After two hundred sixty years. Every time she says that, a part of me dies all over again. The party, the car, it was all my idea. I pull her close and press my lips against her hair, breathing in her scent. Her arms tighten around me, and she presses her cheek against my chest. I feel her heartbeat, and I know she feels mine. Maybe now that we're away from the estate, we can finally have more. The more we deserve. More of each other. Maybe this is what we needed all along to fill the empty space in us. But I have to be smart about this, and follow Dot's directions. I have to get us out of here. Fast. We only have a couple more hours of daylight left, and even though I want to hold on to Kara and never move, I gently push her away. I can't make mistakes.

"We need to get going."

She agrees and we set out across the broken landscape.

The rubble is uneven. Every step must be carefully placed. We're cautious as we approach blind crests. We are not exactly sure what Non-pacts are. Thieves? Worse? But we know to avoid them, or at least try to.

The walk is strenuous. Kara and I help each other climb over huge blocks of concrete and then carefully make our way down cascading piles of rubble overgrown with weeds, always with a watchful eye for movement around us. We stop for just a moment to rest, eyeing the next towering mound of concrete. What lies on the other side? "Got your tazegun ready?" I ask.

"Of course," Kara answers. She reaches down and snaps off a small piece of a branch from a dead bush and stuffs it in the band of her pants, pulling her shirt over to cover it. She pats the bulge it creates. "At least I have something deadly to reach for now."

I smile, thankful for even this small bit of humor in a situation that's so precarious. Here we are in the middle of nowhere in a world we don't recognize, relying on the directions of a half Bot, the security of a broken branch, and hoping for black market IDs. Kara's face is smudged with dirt, and her hair is tangled from the breeze. She doesn't look like Queen Kara anymore.

I eye some rocks at our feet and pick one up that fits my hand well. "I think I'll rely on old-fashioned technology."

"Caveman," she says.

We continue toward the city and finally reach the flat stretch and the remnants of the old highway Dot told us about. It seems like we've traveled much farther than the half kilometer she described to us, and we still have three kilometers to go to reach our destination on the outskirts of the city. The sun is low in the sky. I walk faster. Kara matches my pace.
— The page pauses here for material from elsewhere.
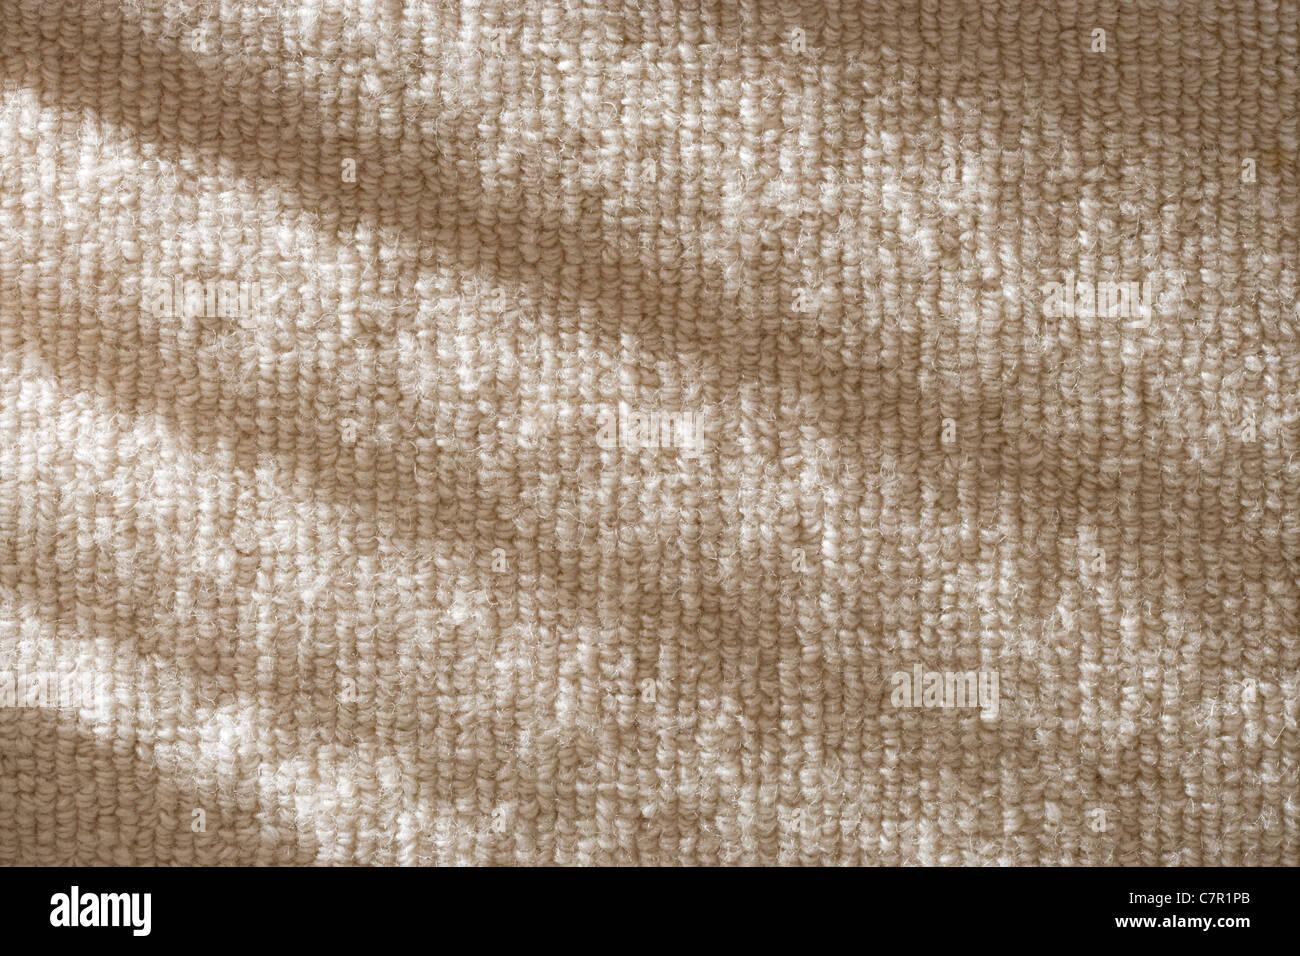 Carpet close up. - Stock Image

As I walk, I search for other weapons. In this modern world I do feel like a caveman looking for a sturdy club, but there is nothing near the road, and I don't want to venture into the forest on either side to look for one. I wonder if I could find a branch and make a slingshot. It would at least allow me to protect us from a distance, but I have nothing flexible to act as a sling.

As we get closer, the Boston skyline becomes vaguely familiar in the way the jagged tops of skyscrapers cut into the sky, but the most noticeable difference is the color. The buildings--almost all of them--are white or light gray. They look like a cluster of shimmering quartz crystals sitting in a white bird nest. I assume the intricately woven nest is the transgrid, which surrounds the city. It looks like a protective wall around a fortress. Dot said that several levels of transgrid systems circle the city. It looks wildly complicated. I'm glad neither of us will be driving.

"I'm hungry," Kara says.

"Maybe Dot's contacts will feed us."

"Or maybe not. They're probably all stomachless Bots too."

And what are we? More expensive models? The upgraded Stomach200 model?

It is strange that I didn't question it more before, but now I can't stop thinking about it. I knew we were illegal, but I just thought it was a technicality, like someone not having the proper passport. It didn't make us bad or less human. It was a bureaucratic snafu, that's what I told myself, something on paper that could be cleared up eventually. It had to be. Everything about me is human. Dr. Gatsbro said so. Eighty percent. Bioengineered with some adjustments, but still human. That's what he said. Flesh. Blood. Organs. And I have my own mind. Isn't that enough? And a nail clipping. A nail clipping. That's more than Dot ever had.